- Born: 5 October 1971 (age 54) Mexico City
- Occupation: Politician
- Political party: PVEM

= José Antonio Arévalo González =

Mexican politician

José Antonio Arévalo González (born 5 October 1971) is a Mexican politician from the Ecologist Green Party of Mexico (PVEM). He currently represents San Luis Potosí and the second electoral region in the LXIII Legislature of the Mexican Congress.

==Life==
Arévalo joined the PVEM in 1992, while he pursued his degree in business administration from the Universidad Anáhuac and served as the commercial director of Argo Artes Gráficas, S.A., a company where he would later work as finance director. After a three-year stint as an advisor to PVEM deputies in the LVII Legislature, Arévalo became a deputy himself, winning the seat from the third district of Mexico City in the LVIII Legislature. He sat on the commissions for the Federal District and Oversight for the Superior Auditor of the Federation. When his term ended, he became a deputy in the Legislative Assembly of the Federal District, where he was the president of the Commission for Attention to Vulnerable Groups and served on commissions for Health and Social Security, Accounting Oversight, Finance, Housing, Special on Land Subsidence, and Special for Support of Firefighters.

The PVEM returned Arévalo to San Lázaro in 2006 for the LX Legislature, this time representing the state of Durango as a proportional representation deputy; he presided over the Radio, Television and Film Commission and sat on those related to Energy, Labor and Social Welfare, and Special on the Defense of Water Rights and Protection of Aquatic Environments. Fresh off his second term, he became a town councilor in Huixquilucan, State of Mexico, from 2009 to 2012.

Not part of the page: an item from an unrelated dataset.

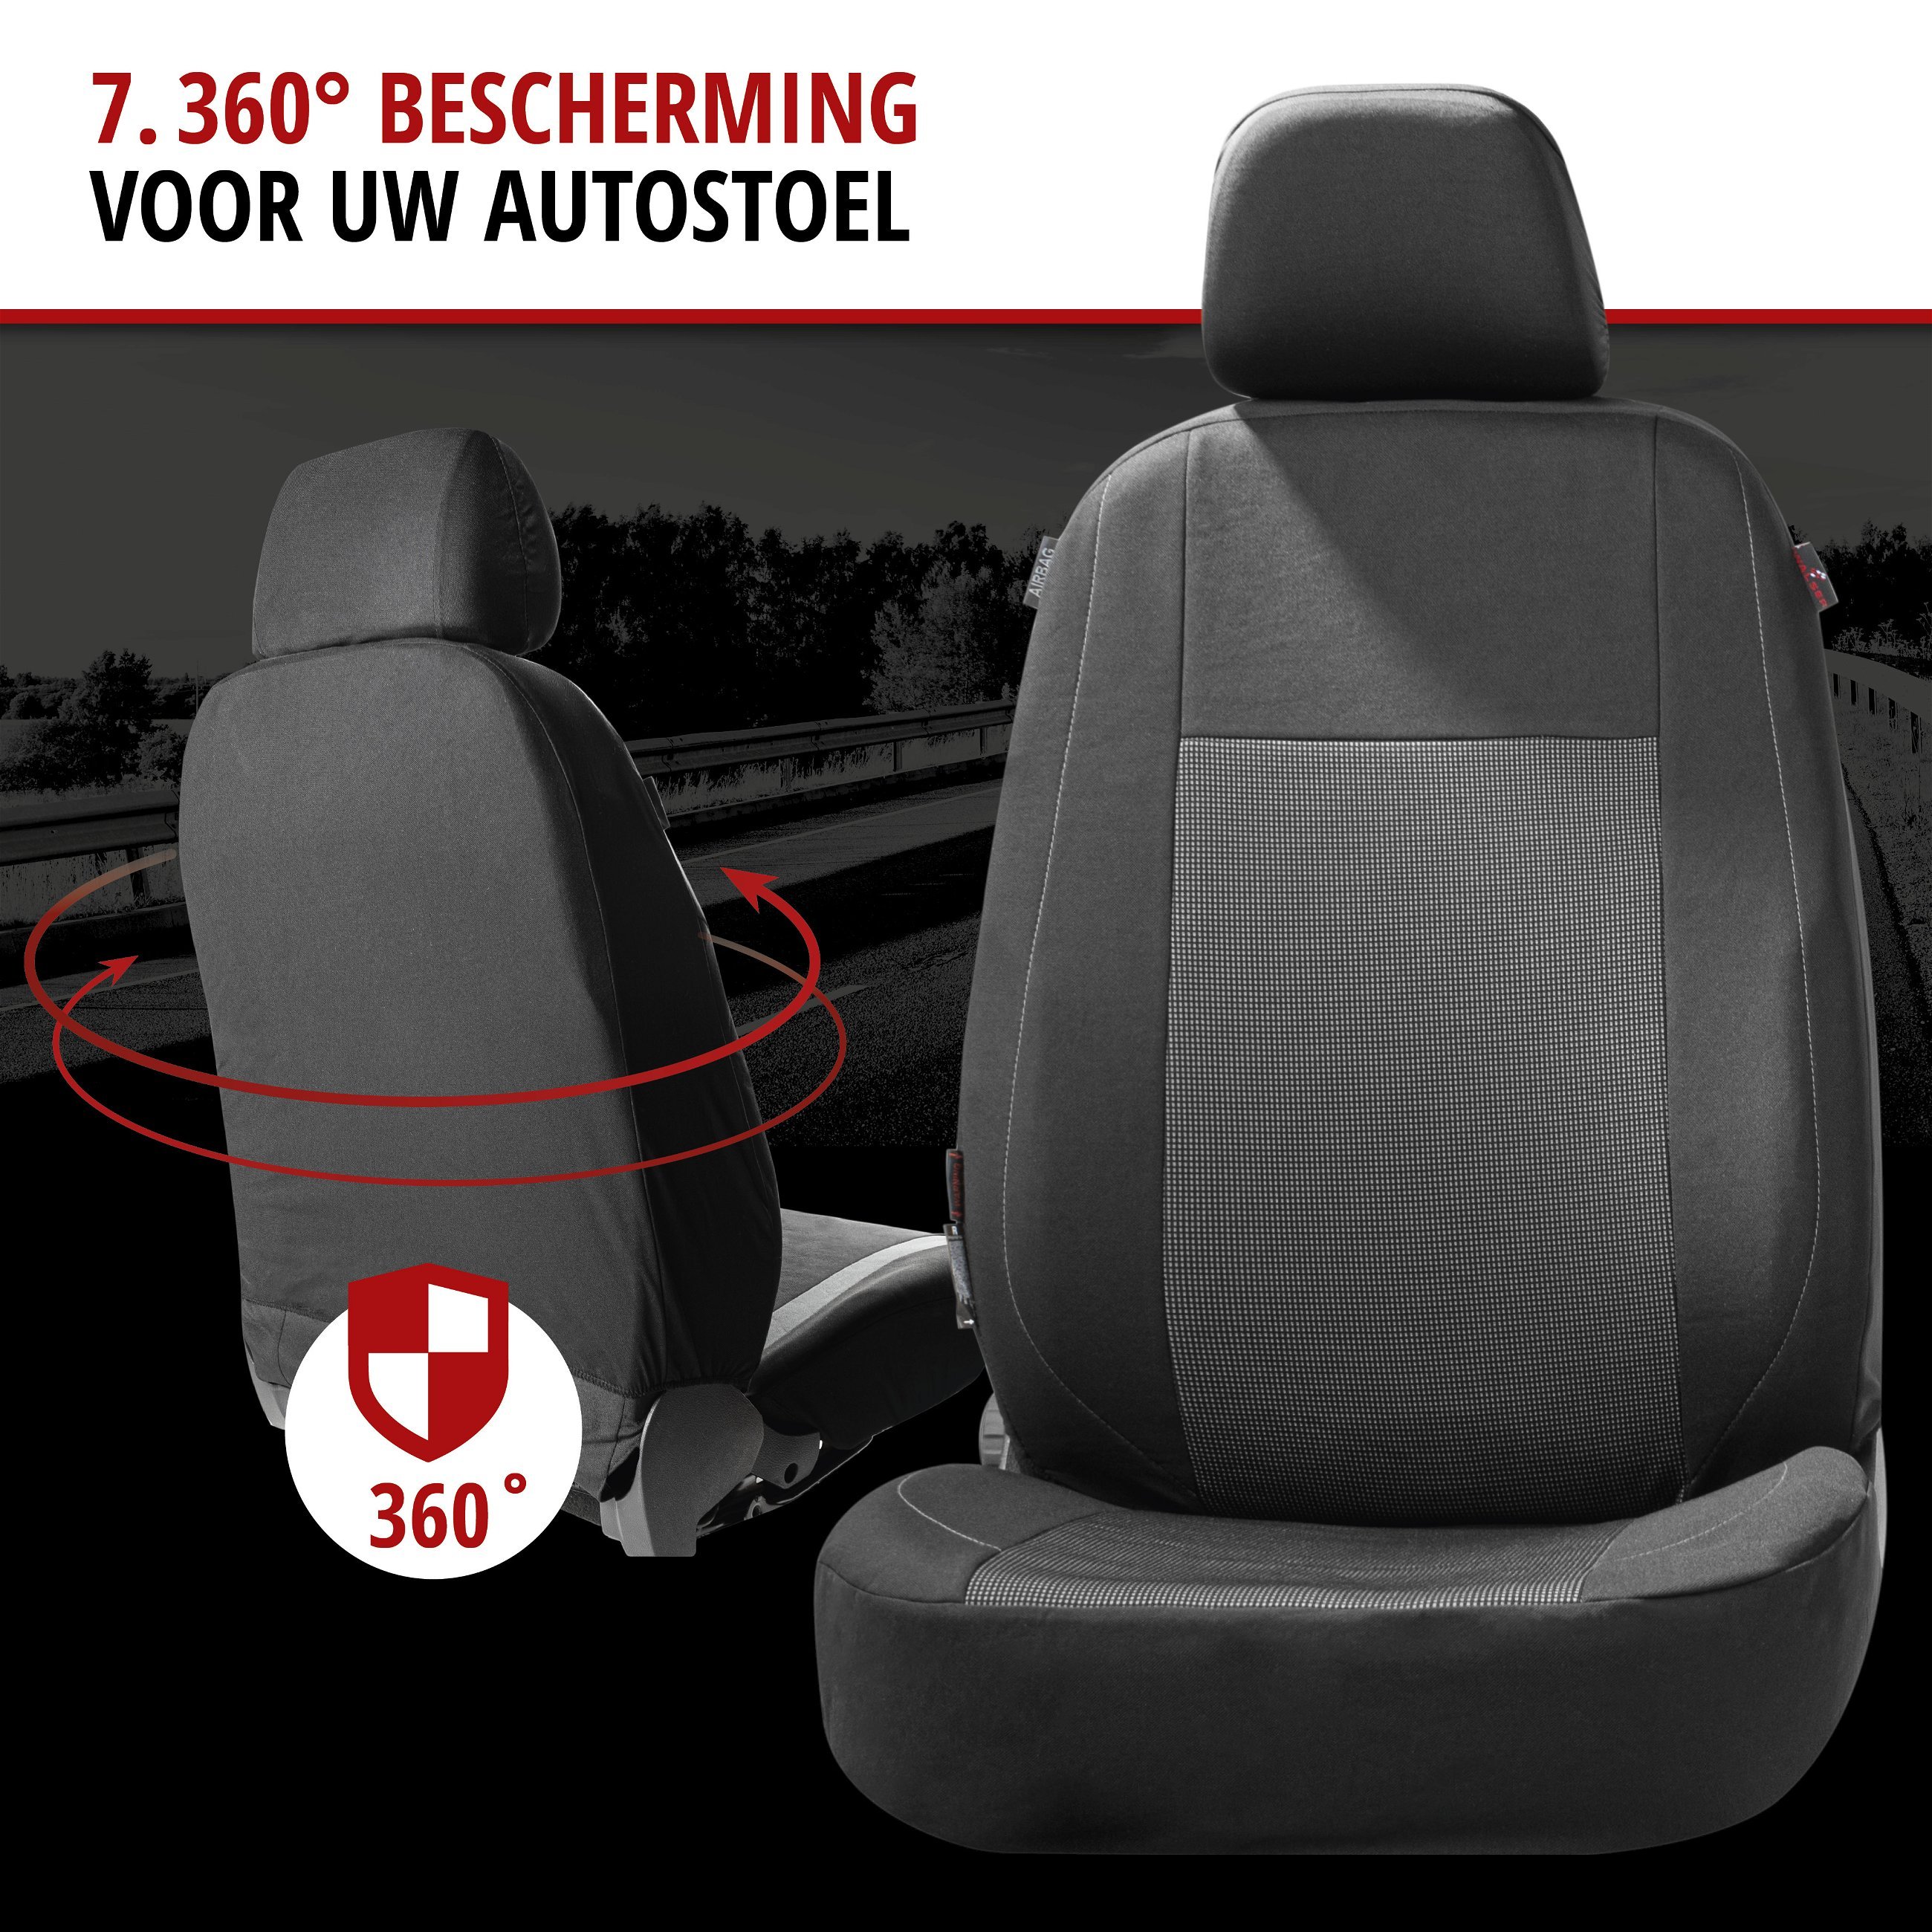 Premium Autostoelbekleding Ardwell met Zipper ZIPP-IT, Autostoelhoes set, 2 stoelbeschermer voor voorstoel, 1 stoelbeschermer voor achterbank zwart/grijs
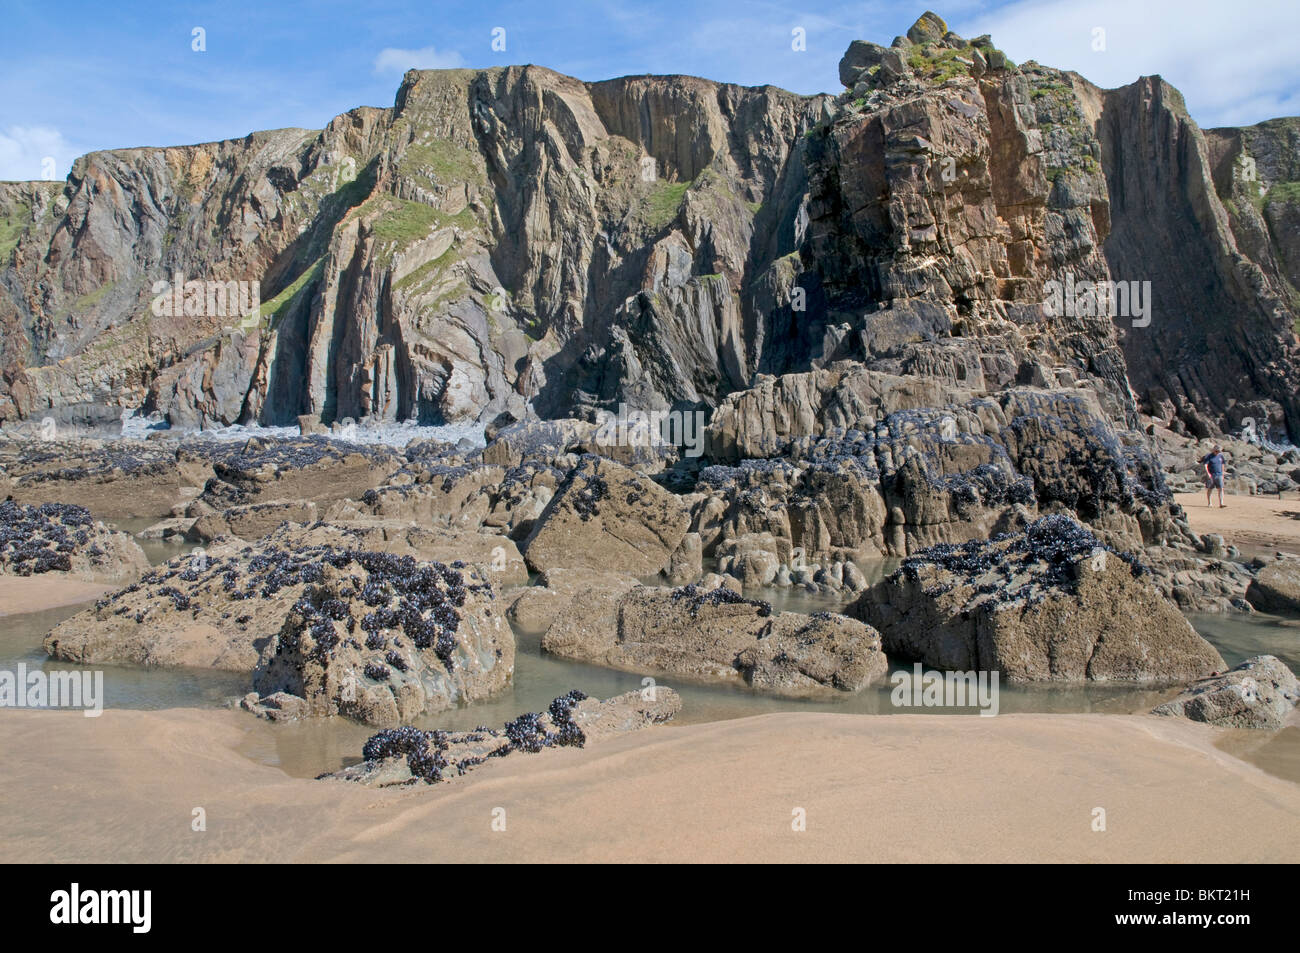 Particolarmente attraente tratto del North Cornwall costa al Sandy Mouth Beach, appena a nord di Bude Foto Stock

In order to send Arévalo back to the Chamber of Deputies in 2015, the PVEM placed him on its list from the second electoral region in representation of San Luis Potosí — his third federative entity represented in three tours of duty in the Chamber of Deputies; he presides over the Hydraulic Resources Commission and also serves on the Administration Committee and the Energy and Finances and Public Credit Commissions. His selection as a deputy from San Luis Potosí, which is not his home state, prompted the head of the PVEM in the state to declare that he had no hand in the matter; since Arévalo resides in Zacatecas, also in the second electoral region he could run for a seat representing any state in the region. Additionally, his participation in the legislature has been so minimal that not even other deputies from the state recognized Arévalo's face.

==Personal==
Arévalo González is the cousin of Jorge Emilio González Martínez, one-time president of the PVEM.